Word got around the reservation. Dozens of Katherine’s neighbors and family members pitched in. Toward the end we worked round the clock, my car headlights trained on the site. Finally the last nail was driven. Katherine’s tribal chairman said a prayer of thanks, and there was a big celebration. It was the first time Katherine had all her relatives together since the Red Feather clan had been divided and made to live on two different reservations years back. She welcomed them all into her house, her eyes brimming with tears of joy.

Anita squeezed my hand, and I knew what we’d done here was bigger than anything I could ever hope to achieve with my business. At last I understood what Katherine meant about all of us being one family.

Back in Seattle, I tried to concentrate on my work. Katherine would be safe and warm this winter. But what about all the neighbors who’d pitched in to build Katherine’s house, only to go home to ramshackle trailers?

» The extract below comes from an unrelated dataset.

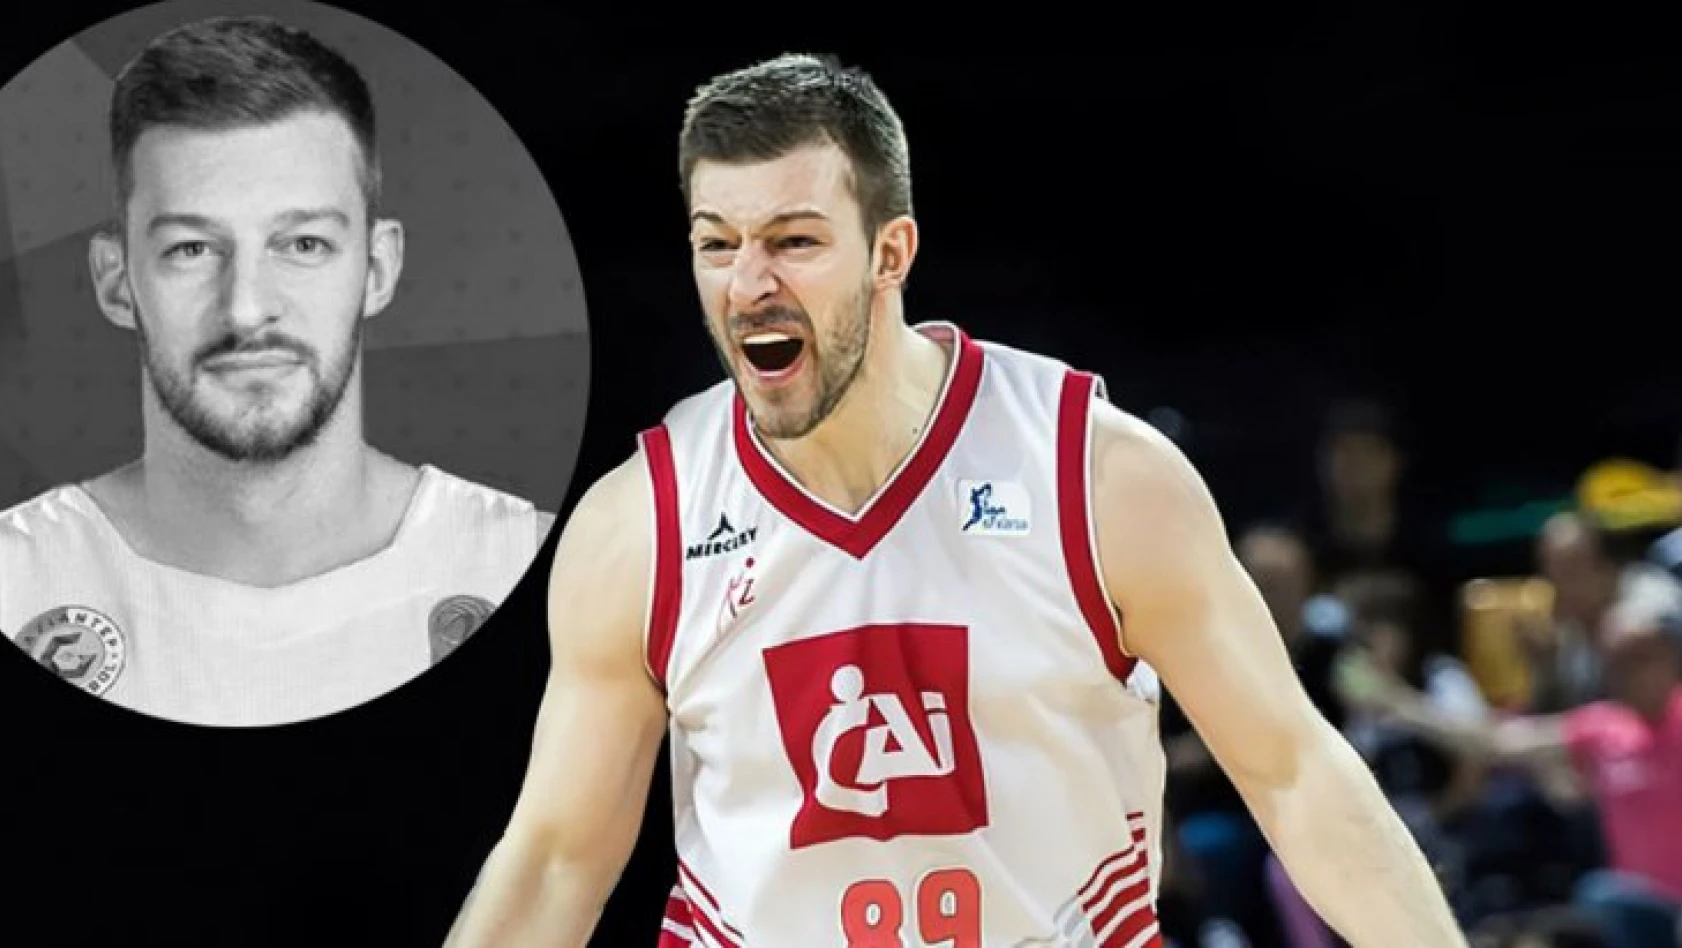 Basketbolcu Stevan Jelovac, 32 yaşında hayatını kaybetti

America has about two million tribal members, and some 300,000 of them are without proper homes. What about all those people?

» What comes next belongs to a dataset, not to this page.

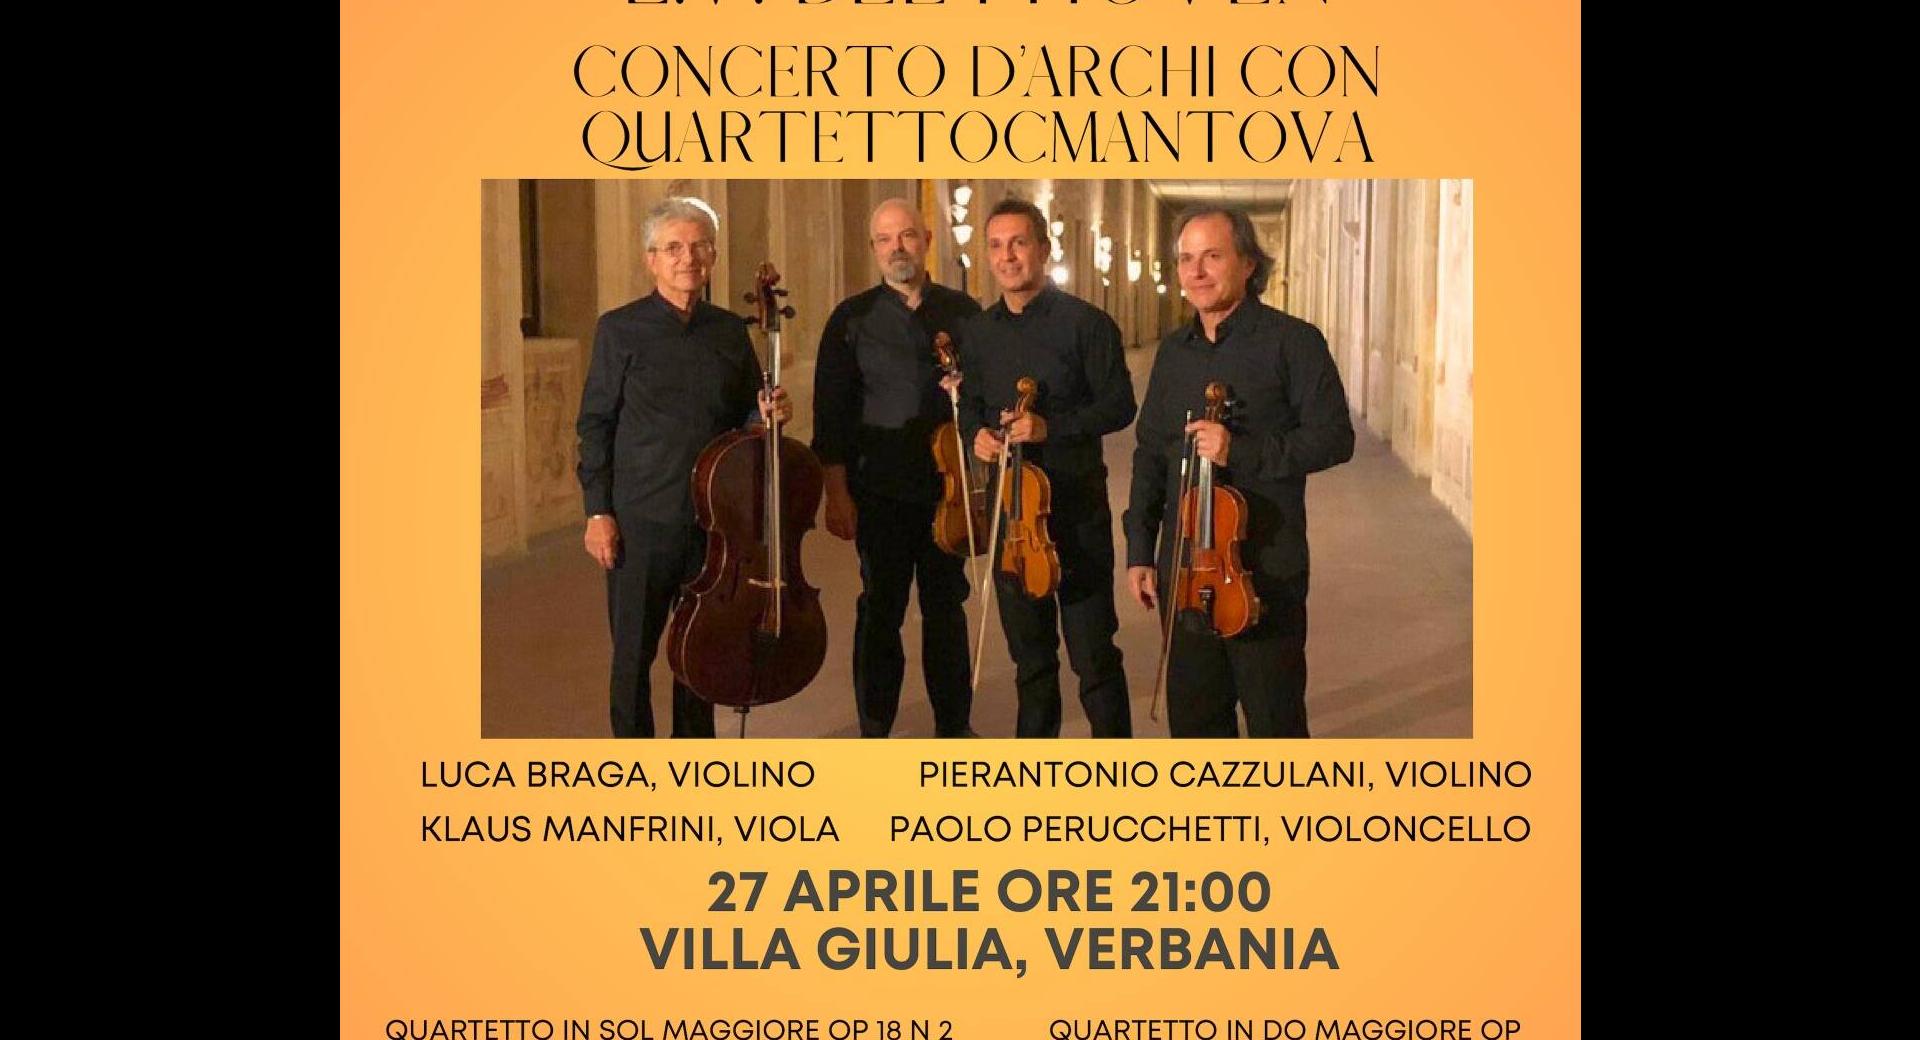 QuartettOCMantova diretto da Luca Braga

Building frame houses like we’d done for Katherine was impossible. Too expensive and labor-intensive. I had to come up with a design that was warm, inexpensive and easy to build. A little research and I came across straw bale houses. Built from blocks of straw covered with stucco, they’re ideal for reservations. The straw is plentiful on the Great Plains, and provides extremely effective insulation.

Getting these straw bale houses built on a large scale, though, would take organization. A huge investment of time and energy. Time and energy I wouldn’t have if I kept my day job. I sold my half of the business and started a new venture, the Red Feather Development Group, to help Native Americans get decent housing. Eventually Anita and I moved to Bozeman, Montana, in the vicinity of half a dozen reservations.

To think, none of this would have happened if I hadn’t seen those headlines 10 years ago. Even then I’d known someone would look after elders like my grandmother Katherine. I just never expected that person to be me. But that is how the Great Spirit works.

* * *

The House You Built

Meeting Rob Young at the 2003 Volvo for Life Awards for heroes, I knew his story would be perfect for Guideposts. But even I was surprised at the response from our readers.

“There were sacks of mail from people who’d read my story in Guideposts,” Rob told us. “The Red Feather website was swamped.”

Readers donated more than $100,000 to help build warm homes for Native Americans. They volunteered their services—plumbing, roofing, carpentry. Rob was most moved by folks who donated one dollar and said they had to give something and wished they could give more. In September 2006, readers traveled to the Hopi Reservation in Arizona, to work side by side with Rob on a house for a little boy recovering from leukemia.

“When I saw that story, I just knew I had to get involved,” they said. More volunteers came to Red Feather through Guideposts than any other source. A great example of how Guideposts is and always will be more than a magazine.